選択した研究のうち 25 件の研究について、症例数、対象者数、追跡期間等のデータを各研究から抽出し、単解析の統合解析を行いました。その結果 、肝がんの罹患率(/100人年)は、治療群で0.38 (95%信頼区間:0.32-0.46)、非治療群で1.75 (95%信頼区間:1.54-1.99)でした。また、治療群と非治療群の罹患率比は0.22 (95%信頼区間:0.18-0.26)と推計され、C型慢性肝炎における抗ウイルス療法と肝がんリスク低下が考えられました。

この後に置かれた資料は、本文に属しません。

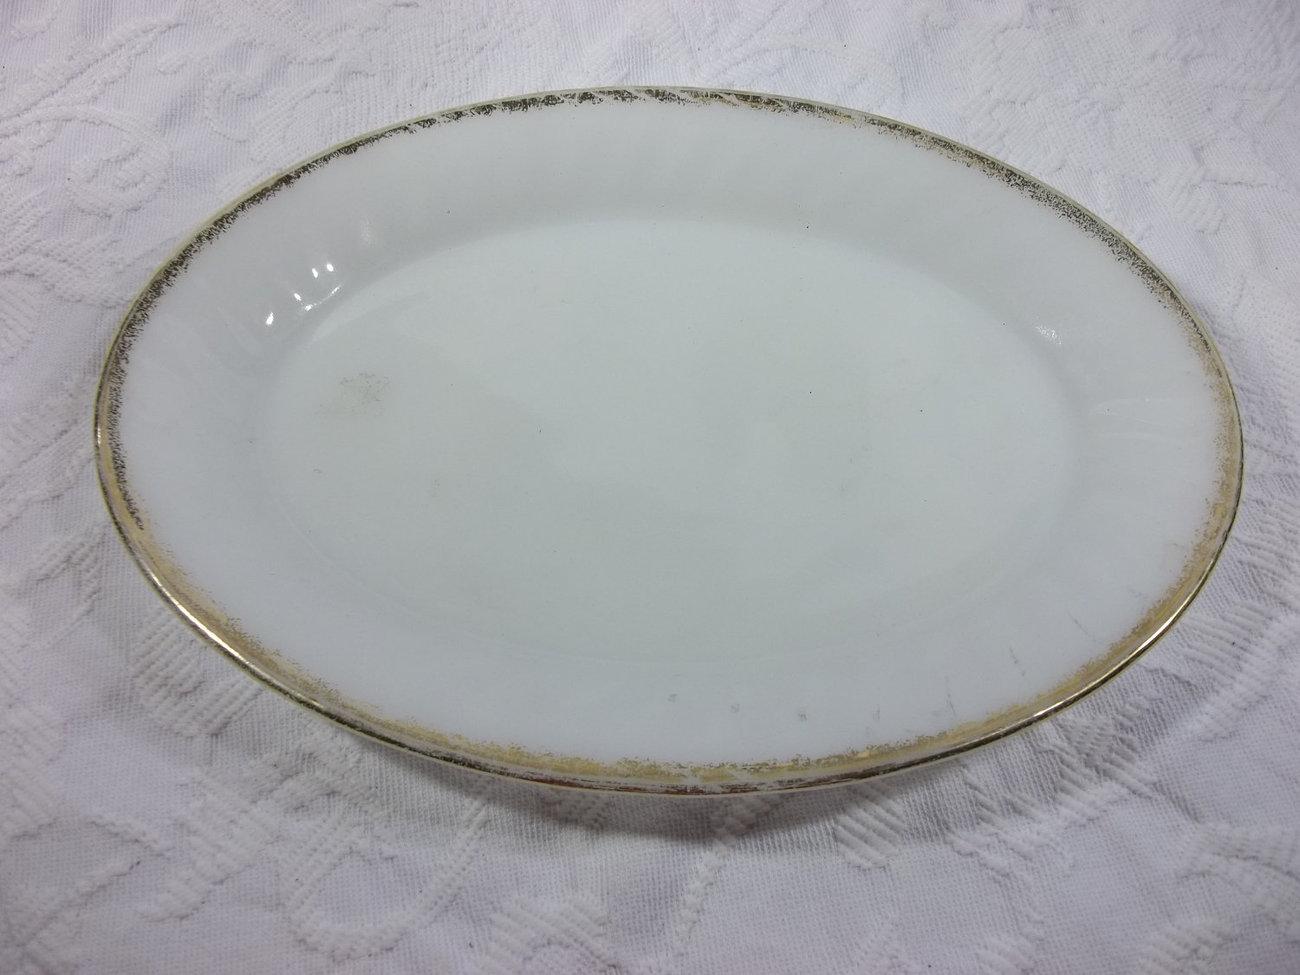 Fire King, Anchor Hocking Milk Glass Serving Platter, Gold Rim - $10.00

さらに8件の研究については、各研究で報告された、年齢や性別等、肝がんのリスクに関連する因子で調整したハザード比(治療群vs非治療群)を抽出し、統合解析を行ったところ、0.25 (95%信頼区間:0.19-0.34) と推計されました(図1)。いずれの解析においても、条件を変えた感度分析を行いましたが、結果は不変でした。

図1_調整ハザード比の統合解析

 

今回の系統的レビューでは、抗ウイルス療法がC型慢性肝炎による肝がん罹患の予防に有効であることが示され、二つの方法によるメタ・アナリシス(単解析の統合解析と、調整後ハザード比の統合解析)で、抗ウイルス療法により、肝がんのリスクがほぼ4分の一に減少することが明らかとなりました。

結論

今回のレビュー結果および生物学的機序を総合的に検討した上で、日本人においてC型慢性肝炎における抗ウイルス療法と肝がんリスク低下についての科学的根拠は「確実」であるという結論になりました。